The premium down jacket manufacturer has been a hot topic on Chinese social media in recent days over its handling of a case involving a customer who wanted a refund of her purchases amounting to 11,400 yuan ($1,790.17) after finding quality issues.

She said she was told by Canada Goose that all products sold at its retail stores in mainland China were strictly non-refundable, according to her account which went viral online.

State-backed media such as the Global Times newspaper later cited Canada Goose as denying that it had a no-refund policy and that all products sold at its retail stores in mainland China were refundable in line with Chinese laws. The company did not respond to Reuters’ request for comment.

That has not failed to quell criticism of the brand.
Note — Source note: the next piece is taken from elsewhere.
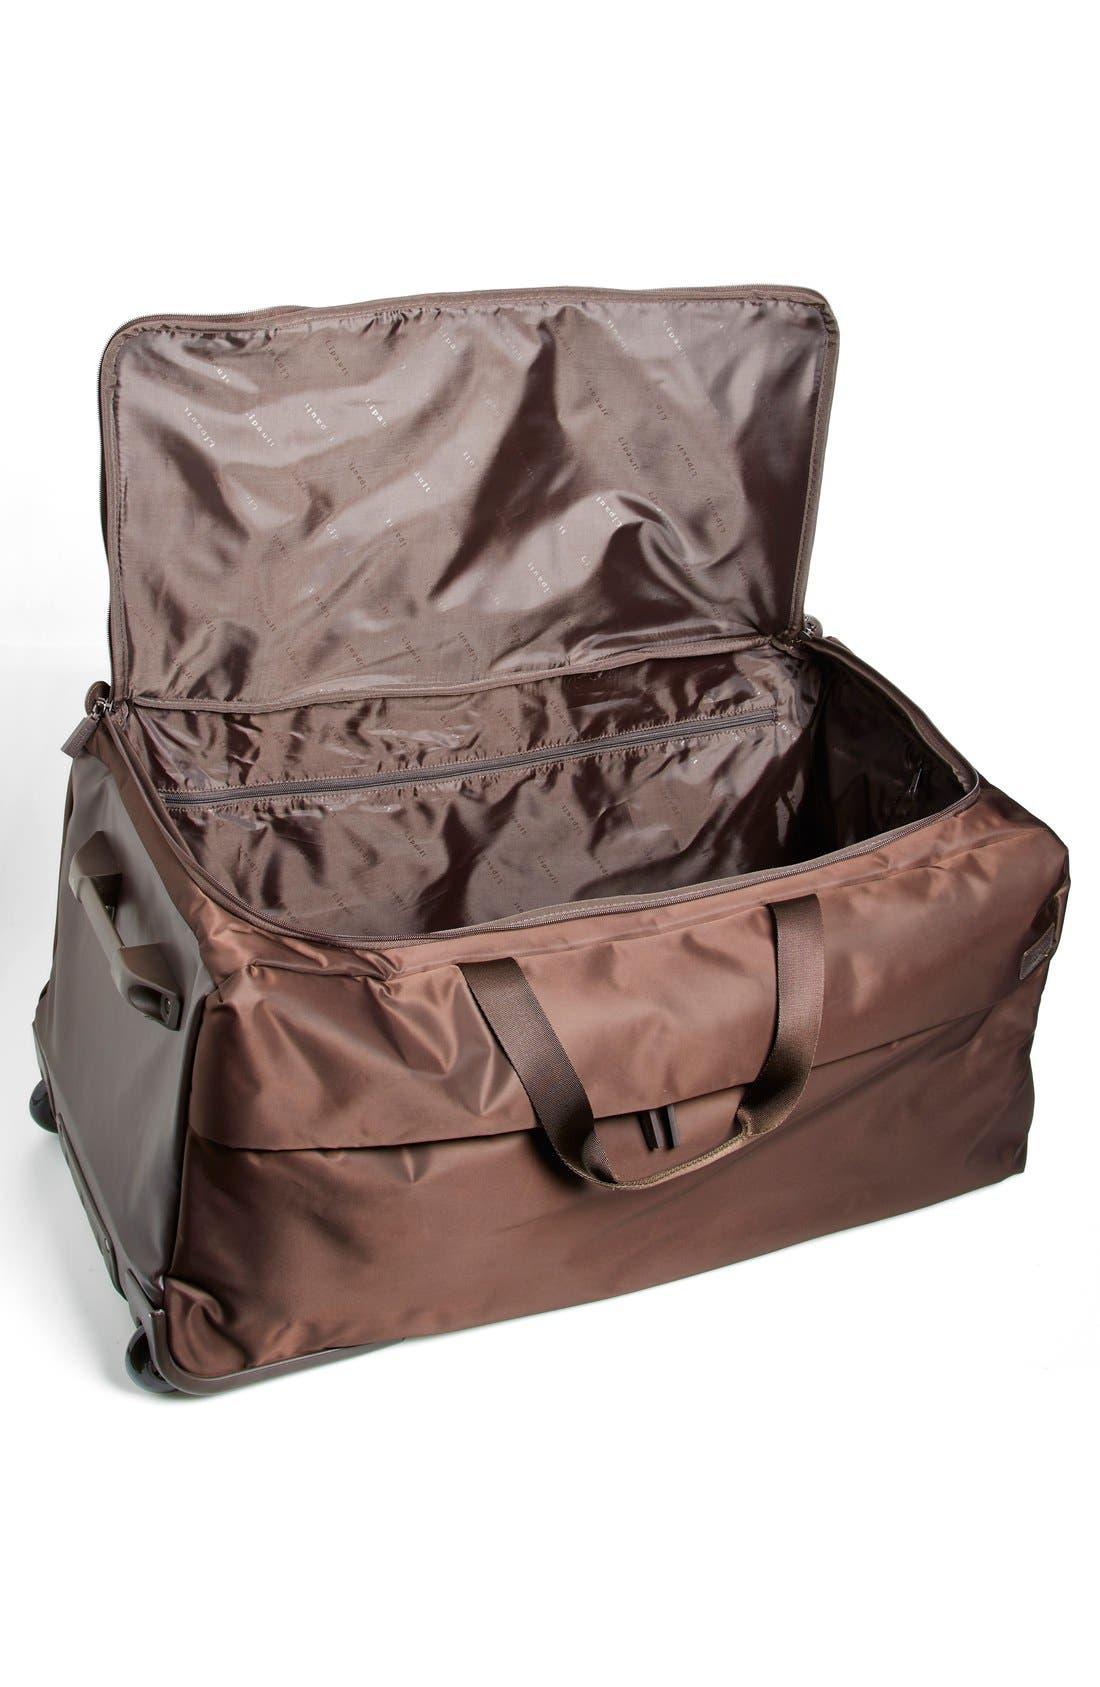 Alternate Image 2  - LIPAULT Paris Foldable Rolling Duffel Bag (30 Inch)

“No brand has any privileges in front of consumers,” the government-backed China Consumer Association (CCA) said in an opinion piece posted on its website on Thursday morning.

“If you don’t do what you say, regard yourself as a big brand, behave arrogantly and in a superior way, adopt discriminatory policies, be condescending and bully customers, you will for sure lose the trust of consumers and be abandoned by the market,” the CCA said.

Representatives of the brand were summoned for talks on Wednesday by the Shanghai Consumer Council to explain its refund policy in China.

The dressing down of Canada Goose comes as tension between China and Western countries has fuelled patriotism and driven some shoppers to turn to home-grown labels.

Canada Goose was also fined 450,000 yuan in September in China for “misleading” consumers in its ads.